Russia declared its sovereignty on 12 June 1990 and thereafter limited the application of Soviet laws, in particular the laws concerning finance and the economy, on Russian territory. The Supreme Soviet of the Russian SFSR adopted laws which contradicted Soviet laws (the so-called "war of laws").

In the unionwide referendum on 17 March 1991, boycotted by the Baltic states, Armenia, Georgia, and Moldova, the majority of the residents of the rest of the republics expressed the desire to retain the renewed Soviet Union. Following negotiations, eight of the nine republics (except Ukraine) approved the New Union Treaty with some conditions. The treaty would make the Soviet Union a federation of independent republics with a common president, foreign policy, and military. The Russian Federation, Kazakhstan, and Uzbekistan were to sign the Treaty in Moscow on 20 August 1991.

The conspiracy

On 11 December 1990, KGB Chairman Vladimir Kryuchkov, made a "call for order" over Central television in Moscow.[6] That day, he asked two KGB officers[7] to prepare a plan of measures that could be taken in case a state of emergency was declared in the USSR. Later, Kryuchkov brought in Soviet Defense Minister Dmitriy Yazov, Internal Affairs Minister Boris Pugo, Premier Valentin Pavlov, Vice-President Gennady Yanayev, Soviet Defense Council deputy chief Oleg Baklanov, Gorbachev secretariat head Valeriy Boldin, and CPSU Central Committee Secretary Oleg Shenin in the conspiracy.[8][9]

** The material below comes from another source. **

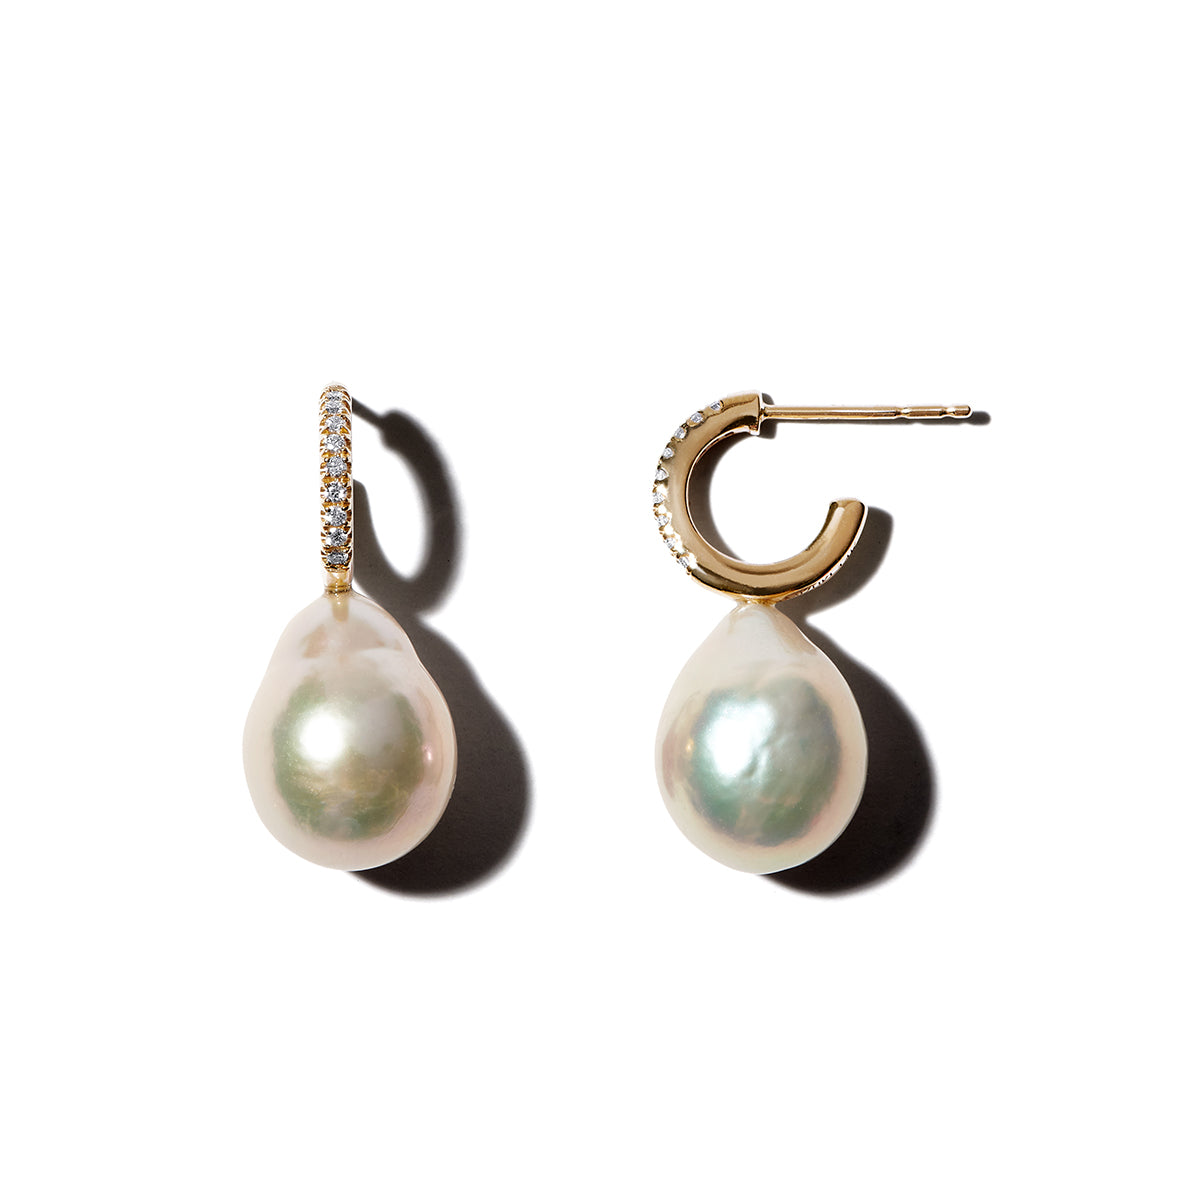 Diamond Hoops with Pearl Drop Earrings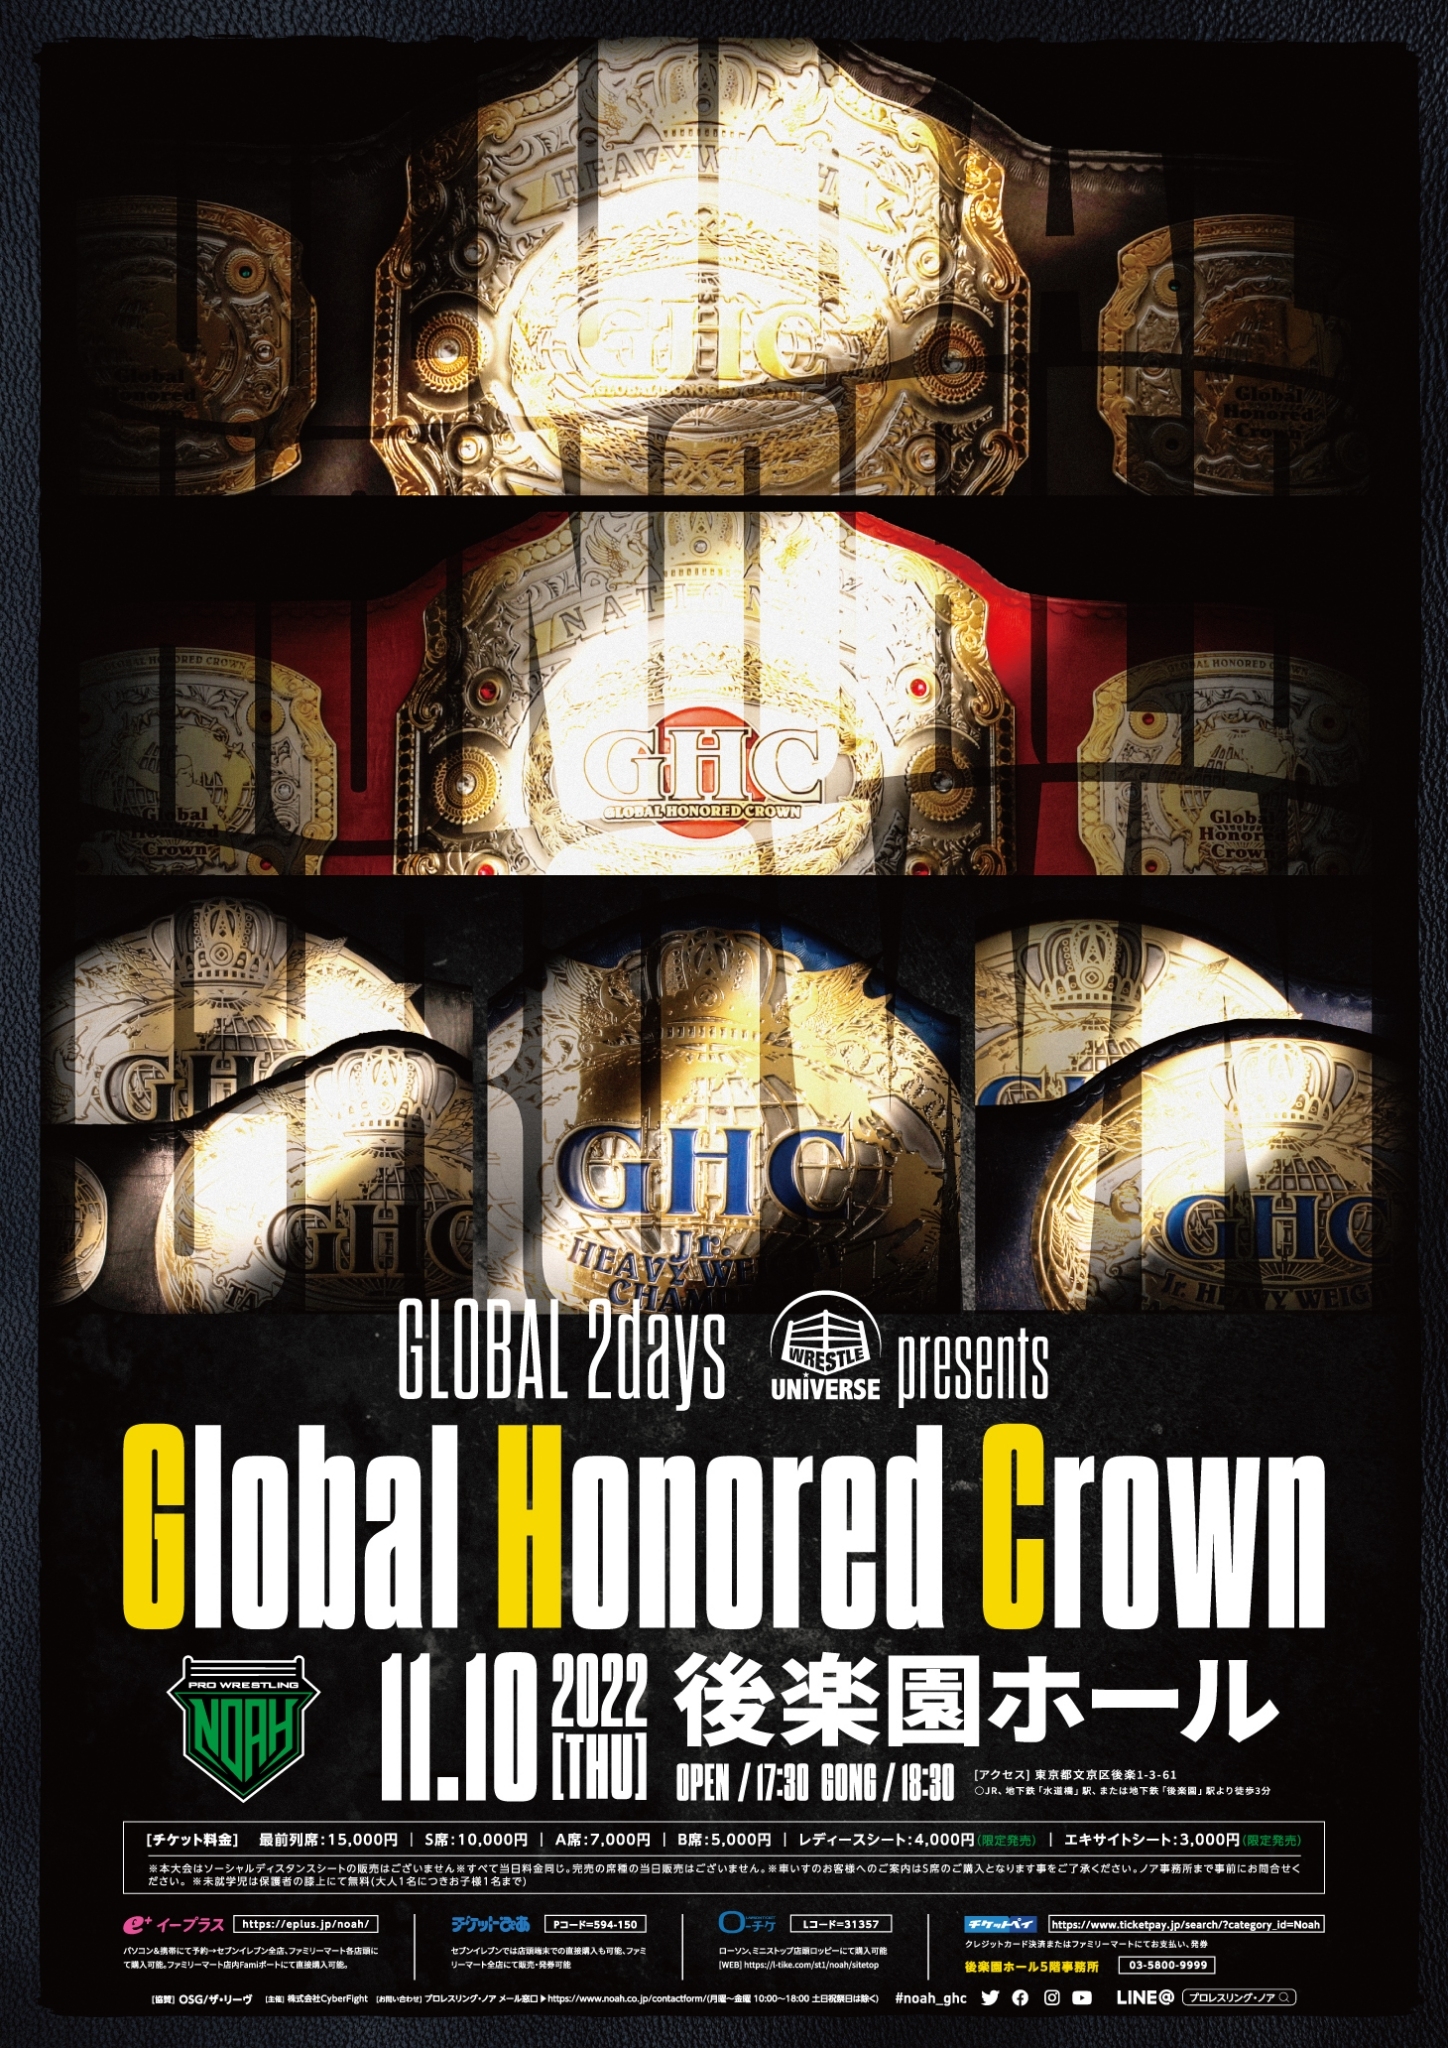 22年11月10日 木 Global2days Wrestle Universe Presents Global Honored Crown プロレスリング ノア公式サイト Pro Wrestling Noah Official Site

The conspirators hoped that Gorbachev could be persuaded to declare the state of emergency and to "restore order".

On 23 July 1991, a number of party functionaries and literati published in the hardline newspaper 'Sovetskaya Rossiya' as a prime factor to an anti-Perestroika manifesto entitled A Word to the People.

Six days later, Gorbachev, Russian President Boris Yeltsin and Kazakh President Nursultan Nazarbayev discussed the possibility of replacing such hardliners as Pavlov, Yazov, Kryuchkov and Pugo with more liberal figures. Kryuchkov, who had placed Gorbachev under close surveillance as Subject 110 several months earlier, eventually got wind of the conversation.[10] [11][12]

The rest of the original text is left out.